A Few Good Quotes

"There is something so settled and stodgy about turning a great romance into next of kin on an emergency room form, and something so soothing and special, too." ~ Anna Quindlen

"Courage doesn't always roar. Sometimes courage is the quiet voice at the end of the day saying, 'I will try again tomorrow.'" ~Mary Anne Radmacher

Sunday, January 15, 2012

The Great Meltdown of 2012

I suppose it's a little early to declare what happened last night as "The Great Meltdown of 2012" because it's only January - I suppose much worse is probably coming in the 11 months that remain. But let me tell you, there was lots and lots of crying last night.

It all started when I was trying to put Ruthie down. She was fighting sleep and wouldn't be soothed, so I "gave in" and gave her the pacify. I really battle with the pacifier concept On the one hand, it's so nice that it comforts here. But on the other hand, I feel like sometimes we give it to her just to make our lives easier - but then, is that a bad thing? Anyway, back to the point. I was discouraged last night that I couldn't sooth her and that I had to give her a pacifier. In the meantime, I began to sense what felt like my third, count it, THIRD plugged duct in a week and a half. So by the time I got done with Ruthie and walked into our family room, I had worked myself into an emotional frenzy. As soon as I saw Ian, I burst into tears.

And I would say I stayed in those tears for about twenty minutes. Of course, Ian was trying to comfort me and figure out what he could say to make me feel better. After we'd been talking for a while, he asked me to name three things I was worried about, and then two things I was very excited about. Questions like that are always good because they force me to vocalize what I'm feeling and why I'm crying.

I said I was worried about the pacifier and if we were doing the right thing by giving it to Ruthie. Heather, my sister in law, says that one of the hardest things about being a new parent is all the hundreds of decisions you are now making for this new little person. And it's so true. Should we swaddle her? Does she need to be changed? Should I feed her now? Do you think she's cold? Are we giving her the pacifier too much?

Which brings us back to the topic at hand.

So that was the first thing. Then, of course, I said I was worried about losing the weight. It's funny - you go out in public, like to church or Disneyland, and people ask you how old your baby is. Whatever answer you give, they then look you up and down, and you can just feel them assessing whether they think you look good or not for the time frame you gave. And normally, weight stuff doesn't bother me, but in this case, I have such few things that fit and I don't want to wear the same five things for three months. (It's tough to be so vain, I know.) Plus, as I wept to Ian last night, I like to eat and I'm hungry at lot of the time now, so I battle in my mind about wanting to eat and wanting to lose weight.

Okay, enough of that. The third thing I said I was worried about was my plugged ducts. It would seem I'm prone to plugged ducts and they are very painful and consuming.
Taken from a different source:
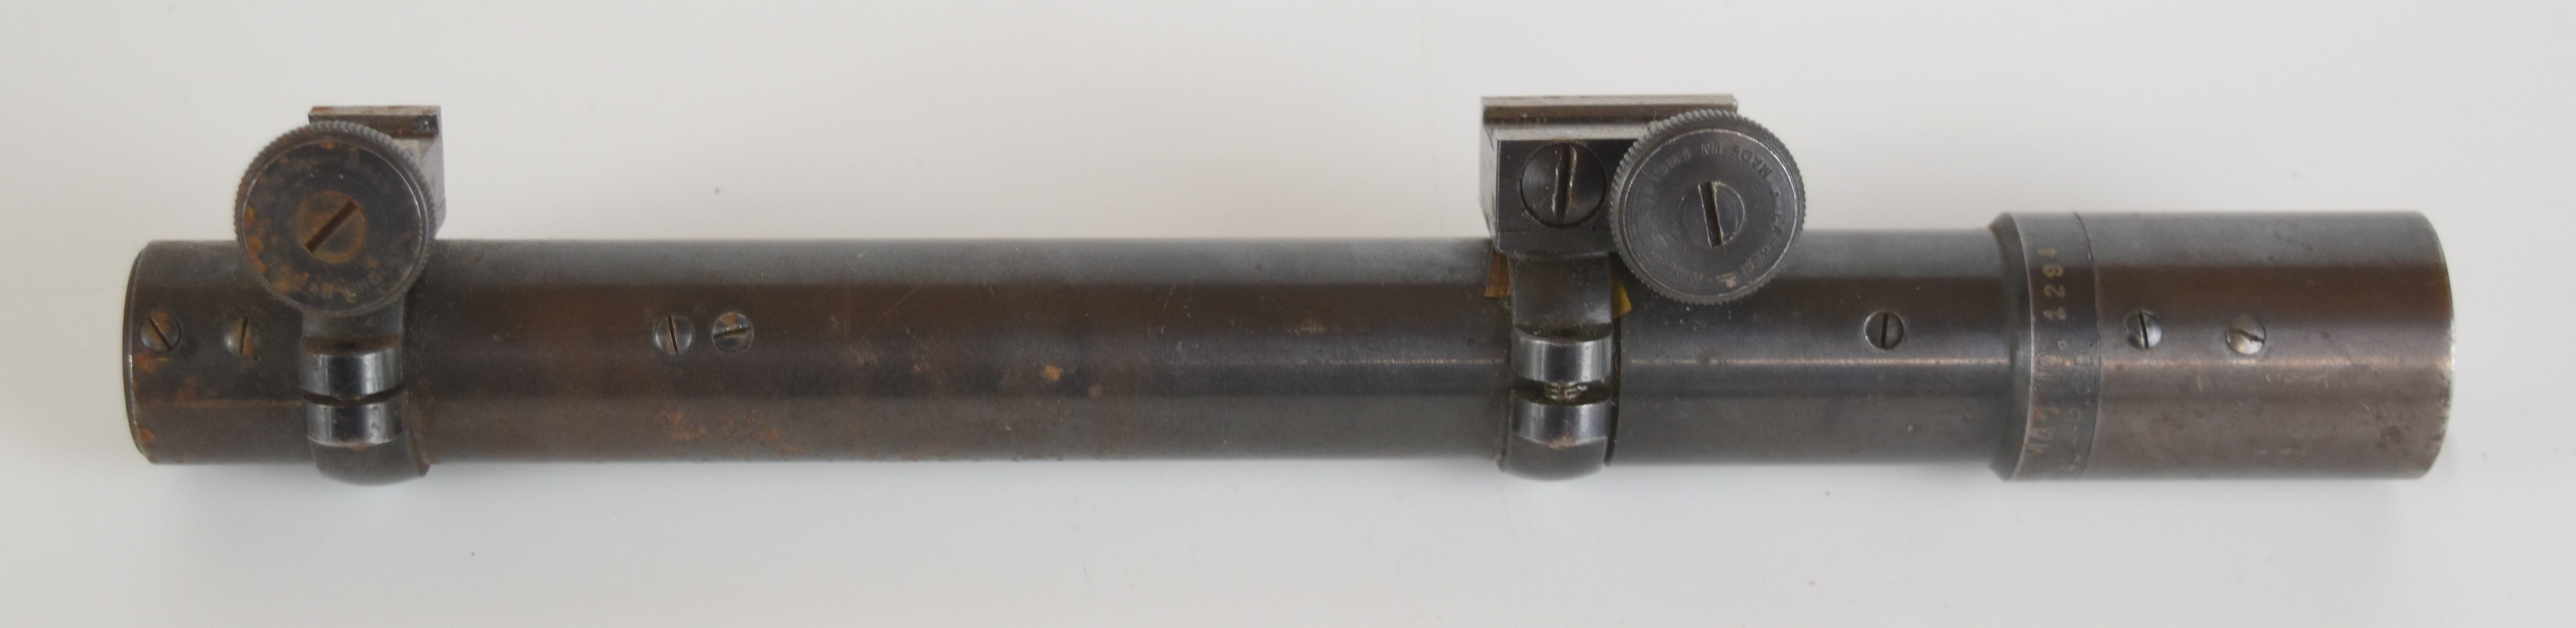 WW2 MHR Co M45 sniper rifle scope marked 'Telescope M45 No 1294 M.H.R. Co 1943 - RJD' with Parker-

We had planned on going to Disneyland again today (we ended up being blocked out) and I didn't want to give that up to spend all day trying to clear the duct. And I don't want to spend the next year living in terror that one might be coming.

As I moaned all of this out to Ian, I also felt guilty. Sometimes I feel bad complaining because Ruthie is such a good baby, but the truth is, I have bad days too, even with an easy baby. I have so many hormones raging and even though she's good, I'm still under slept and it's still a HUGE transition becoming a parent. I should like I'm justifying, don't I?

But on to the bright side. In response to what I'm looking forward to, I said staying home with Ruthie. I am so excited and feel so blessed that we are able to make it work for me to stay home with this precious girl. I love taking care of her and am so honored that I get to do that with my time now.

I also said I was looking forward to my parents coming home. They've been on a cruise for about three weeks now and I miss them. There is something about becoming a mom myself that has made me want to spend more time with my own mom. I look forward to them coming home in a few days, so I can call her about my plugged duct or how Ruthie's fighting her nap or about the amazingly cute thing she did. My mom is a great audience for things like that - even though she has 13 grandchildren, she thinks each one is the most incredible. So you can see why I want to spend time with her. I hope some day Ruthie feels about me how I feel about my mom.

So that is the conclusion to the great meltdown. I love this blog; it's a good place for me to process and share and be real. And the real truth is, sometimes, I lay on the couch and blubber to my husband. Poor man; he probably thought that was ending with pregnancy. Boy, did he have another thing coming. We'll just have to see what other meltdowns lie ahead. Brace yourselves, people.